● Data supplied
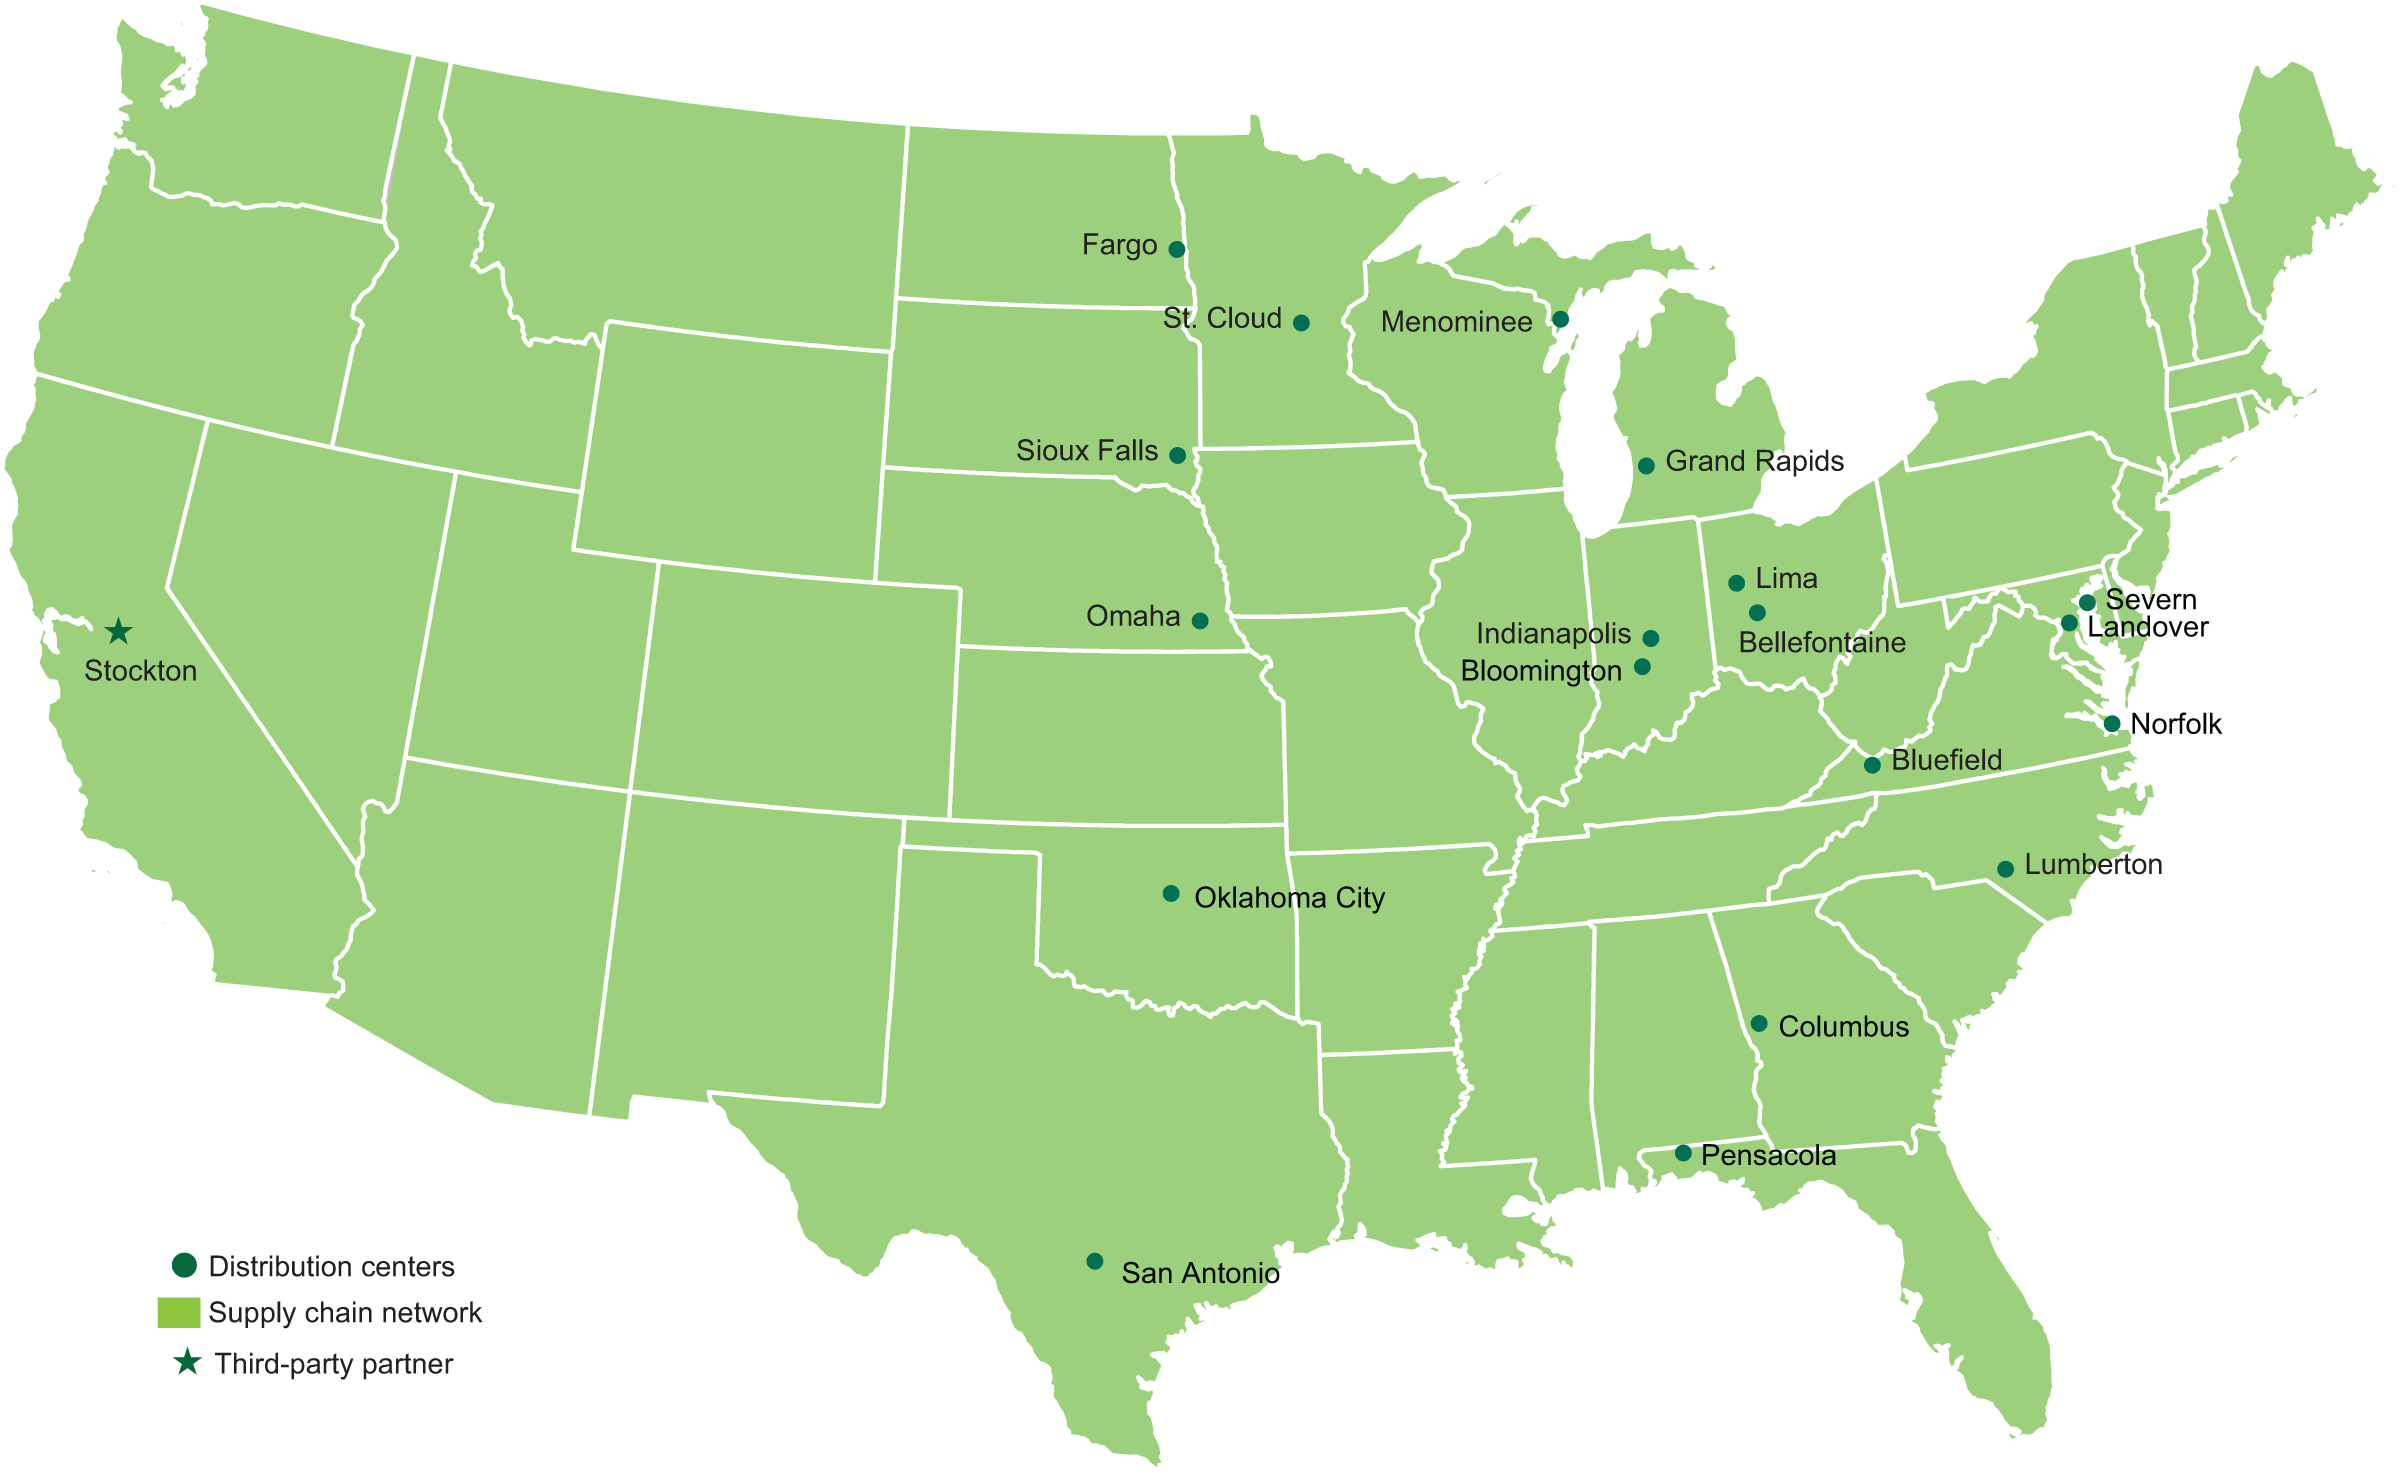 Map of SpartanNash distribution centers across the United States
...
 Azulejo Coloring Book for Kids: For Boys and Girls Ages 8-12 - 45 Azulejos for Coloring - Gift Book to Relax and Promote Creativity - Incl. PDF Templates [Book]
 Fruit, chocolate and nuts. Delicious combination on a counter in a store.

● Your objective
Copy out, exactly and alone, the lines of the entries above between the ones holding "Azulejo Coloring Book" and "Fruit, chocolate and", inclusive.

● Reply
 Azulejo Coloring Book for Kids: For Boys and Girls Ages 8-12 - 45 Azulejos for Coloring - Gift Book to Relax and Promote Creativity - Incl. PDF Templates [Book]
 Fruit, chocolate and nuts. Delicious combination on a counter in a store.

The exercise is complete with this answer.